The fact that the good method of teaching does not exist becomes immediately apparent if one asks a few simple questions: good for what, under what conditions, good for whom, good for when? These questions suggest that good teaching can only be described in a specific context which, in conjunction with a given situation, must constantly be defined anew by the teaching practitioners themselves – taking into consideration the perspectives of all concerned. This perspective should not lead to the misunderstanding that there are no quality characteristics for teaching. “No, there is no such thing as the right teaching method”, says Andreas Helmke, “but there certainly exist instructional quality characteristics which are absolutely and unquestionably valid, there are well-founded standards of teacher behavior, and there are important benchmarks of teacher expertise, about which there is a broad consensus.”1 These characteristics relate to the learning atmosphere on the one hand, and, on the other, to the motivation of the learners but ultimately to the didactic-methodological procedures. Although we address the latter group of characteristics more broadly than the first two, it would not be right to attribute to it a greater significance for successful teaching. Successful teaching is the result of a balanced mixture of an atmosphere conducive to learning, adequate motivation and methodological-didactic know-how.

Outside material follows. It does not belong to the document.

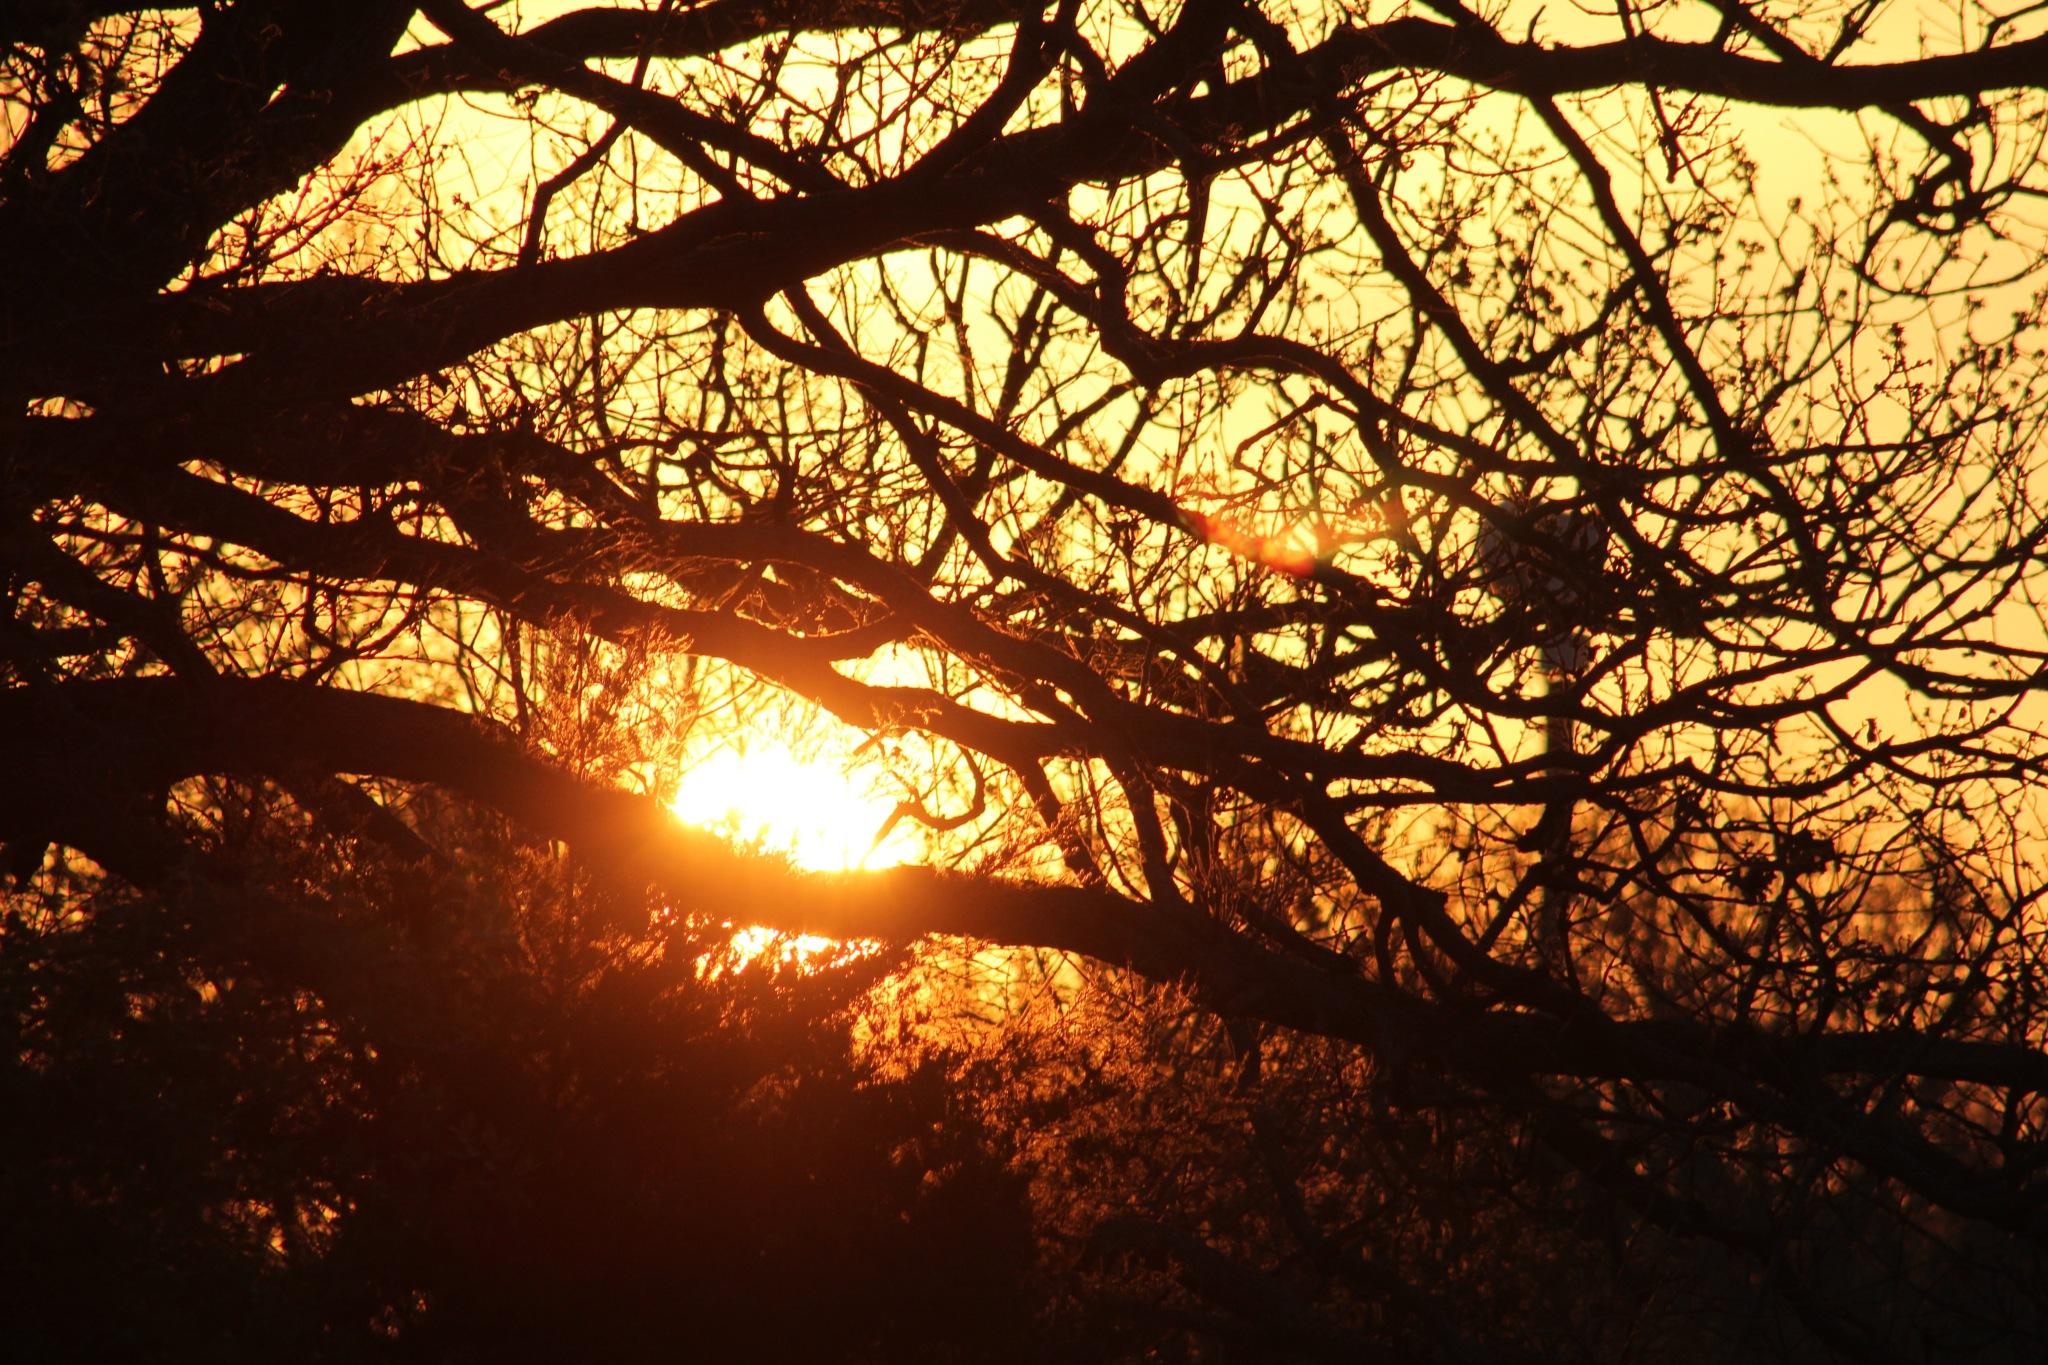 GOOD MORNIN MORNING HELLO SUNSHINE by Tara Smith
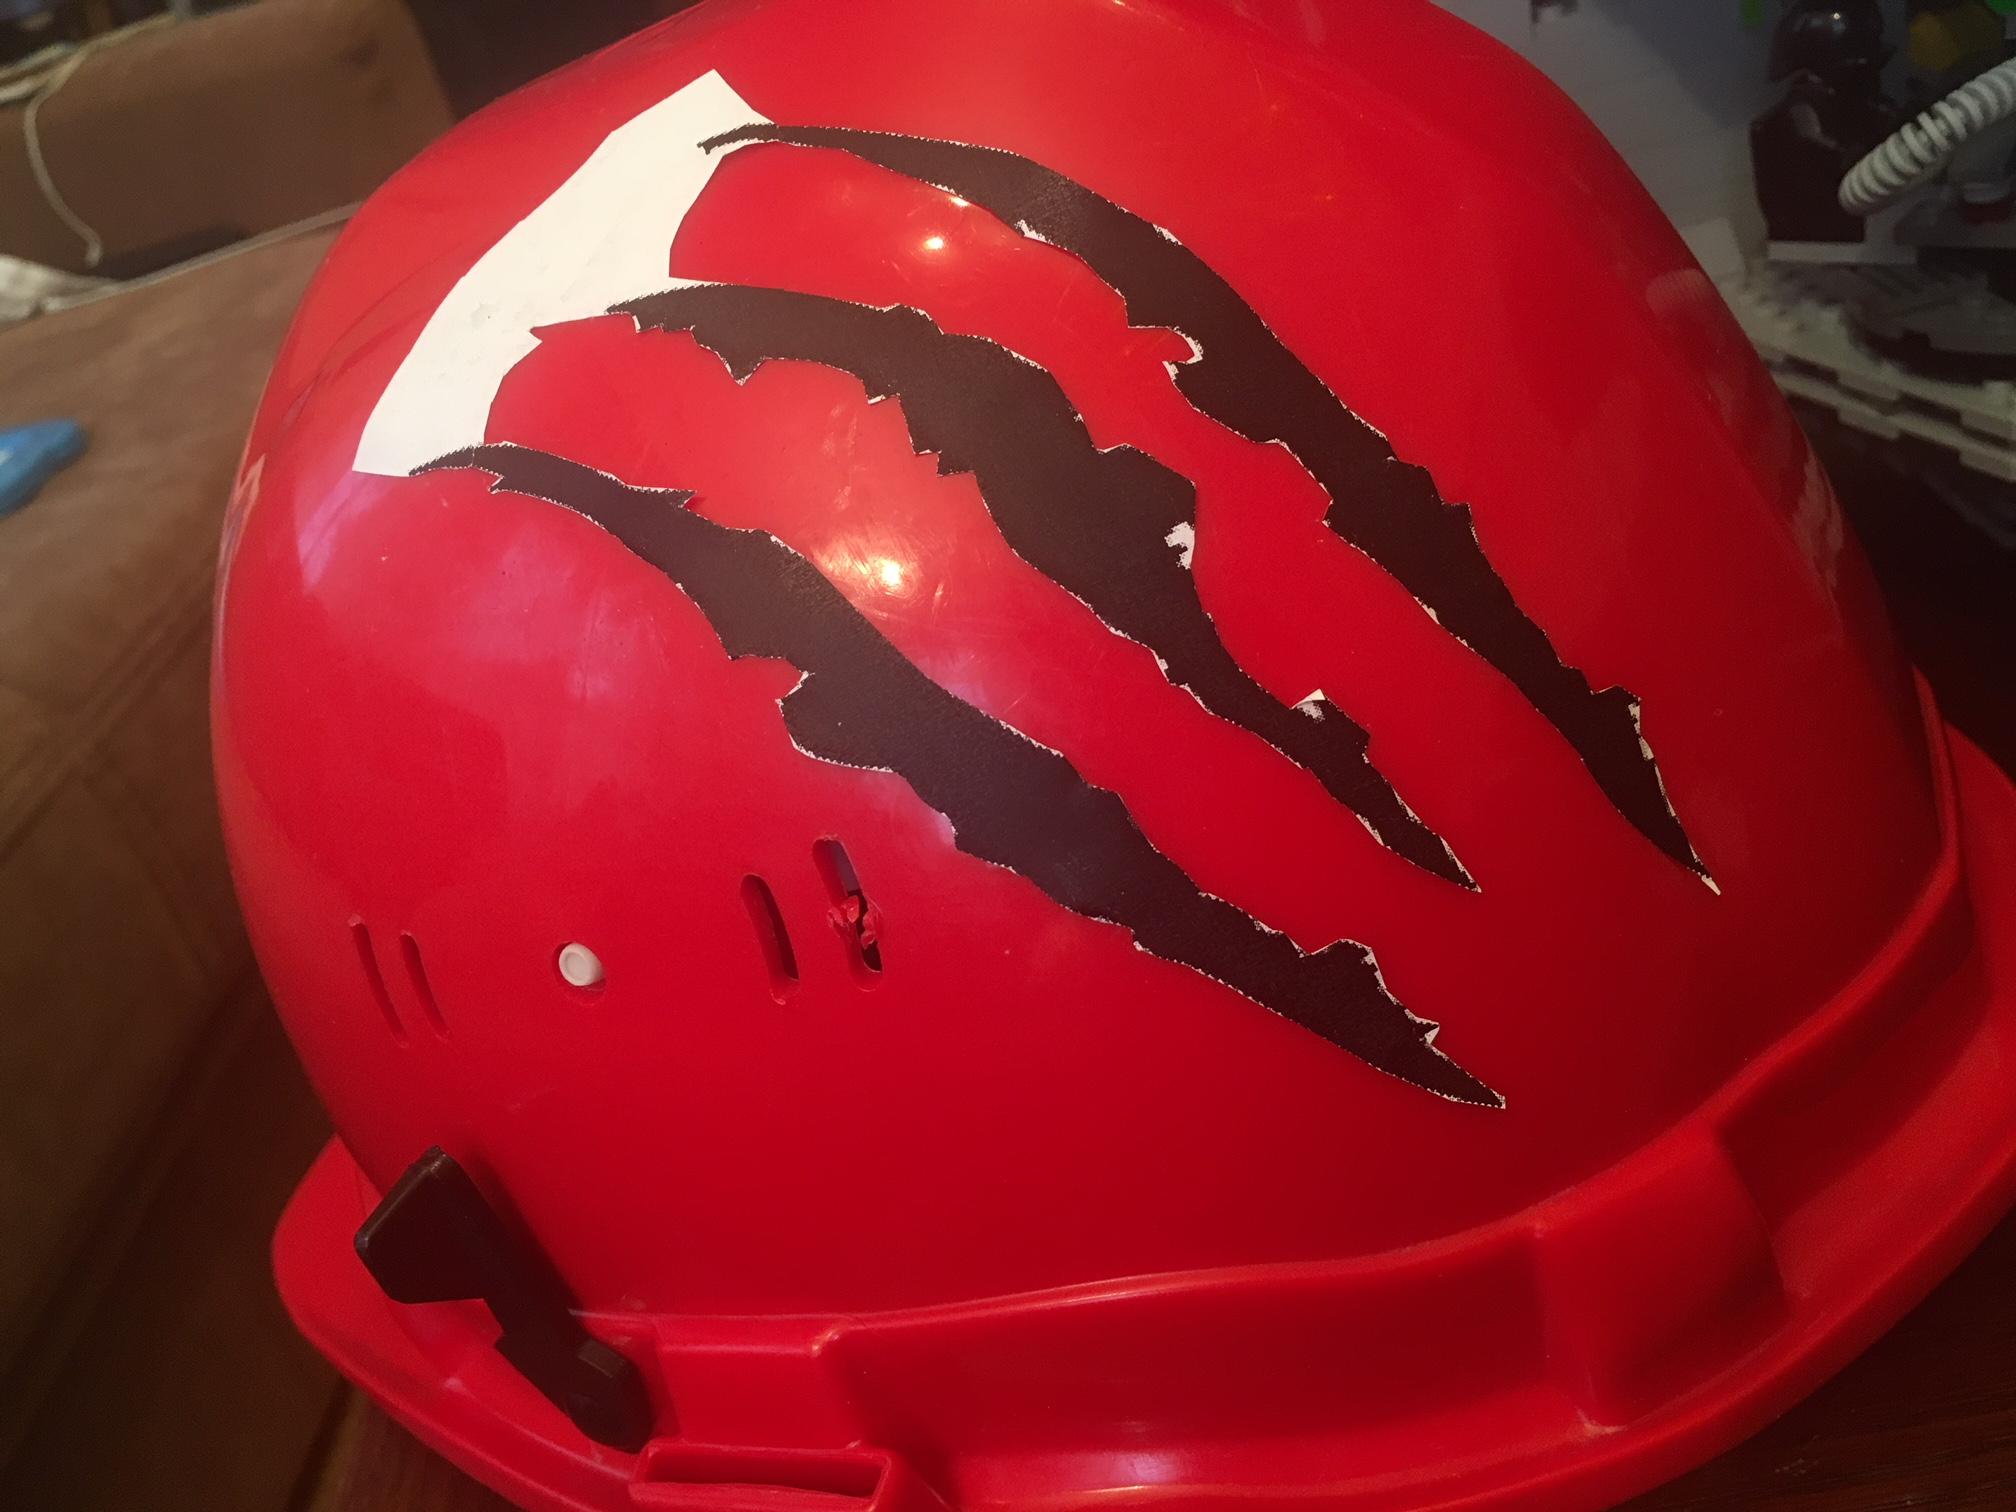 szmk_diy_jurassic_park_helmet_jurassic_world_sisak_6.JPG

Most of the twelve characteristics considered will be easily identifiable in the follow-up discussions of the later chapters. For those interested in a more intensive discussion, there are suggestions for further self-study. With a digression to learning objectives and competences, several terms which are important for teacher education are briefly discussed. They should also be part of a general discussion as a link to the teaching methodology.